As we prepare for a growth ahead, we have taken tangible steps to focus our business on the areas of highest returns. In this process, we have reduced global headcount by approximately 28% and have reprioritized our operating spending. The impact of these initiatives can be seen in the reduction in cash use in the fourth quarter to $12.2 million. This was less than one-third of our cash use in the second and third quarters of 2023. This focus on improved efficiency in cash use is core to our budgeting process and is a significant part of how management will be compensated this year. In early January, we added to our balance sheet with a $50 million private placement, bringing our pro forma cash position to approximately $90 million. Last week, we announced an amendment to our existing credit facility with Oaktree Capital.

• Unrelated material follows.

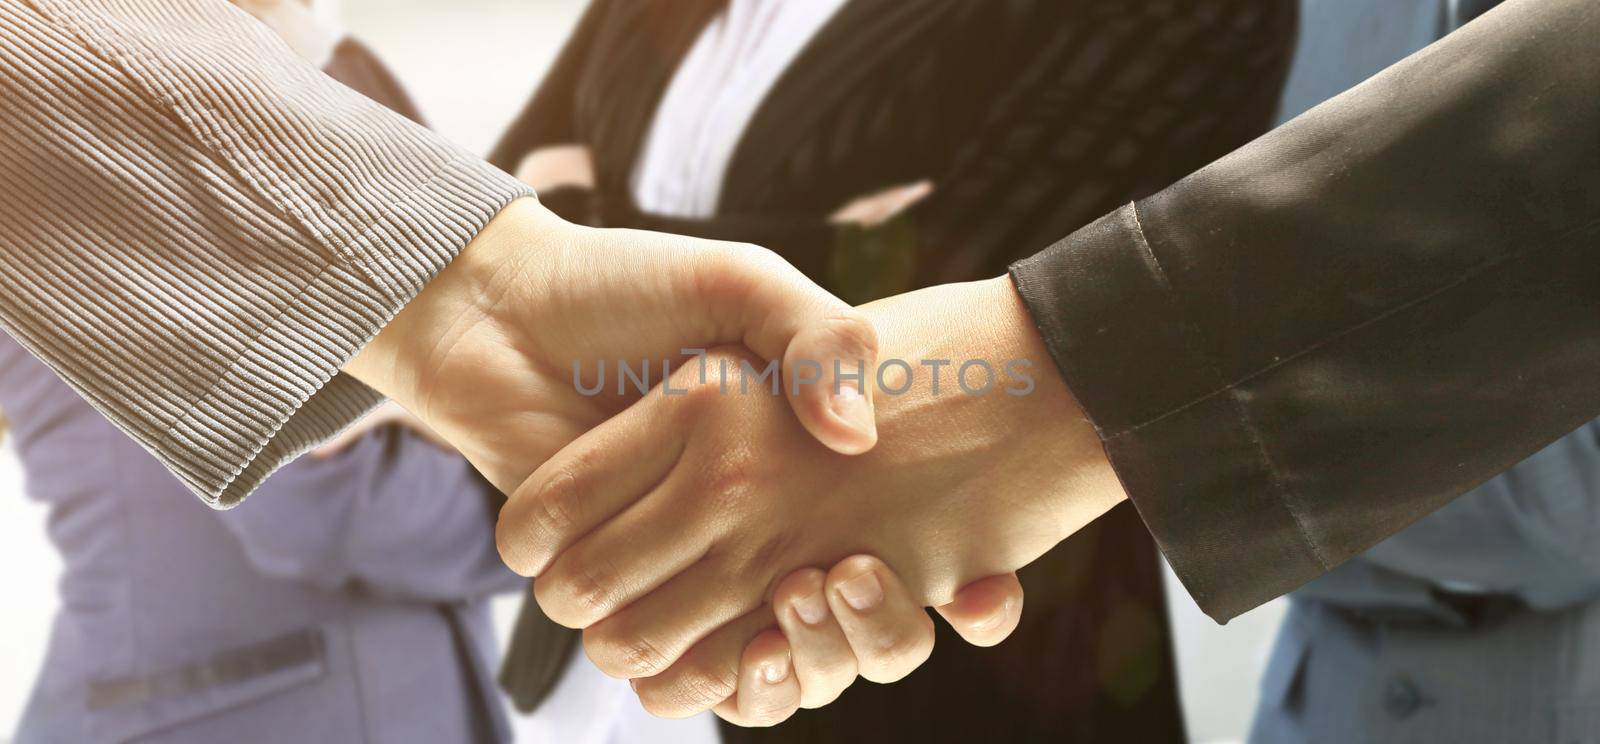 Business people shaking hands by SmartPhotoLab

The amendment updated the terms under which we can draw an additional $50 million in non-dilutive financing. The first $25 million is available on FDA approval of Motiva in the United States. While we are committed to achieving cash flow break-even with the cash we have, the availability of this capital, should we need it, helps further de-risk the full execution of our U.S. launch strategy. Raj will provide additional details on our fourth quarter performance and our outlook in a moment, but I would like to provide some additional detail on our most important near-term initiatives: the United States, China, and Mia Femtech. In the United States, the first case with our Motiva Flora tissue expander was performed in late December by a surgical team led by Dr. Mark Clemens at The University of Texas MD Anderson Cancer Center in Houston, Texas.
Flora is initially being made available to a limited number of centers of excellence in the United States. We are working through the VAC process with a first list of 15 centers of excellence across the country. As these premier cancer centers adopt Flora, the benefits of this unique expander are making clear that there is a new standard in breast reconstruction. Flora includes our patented SmoothSilk surface technology, as well as an RFID-enabled non-magnetic port and is labeled as MR Conditional by the FDA. By being magnet-free, Flora avoids the interference that magnets cause during MR imaging and can improve the precision of radiation oncology treatments. This is a distinct advantage to Flora, as all other commercially available breast tissue expanders include magnets.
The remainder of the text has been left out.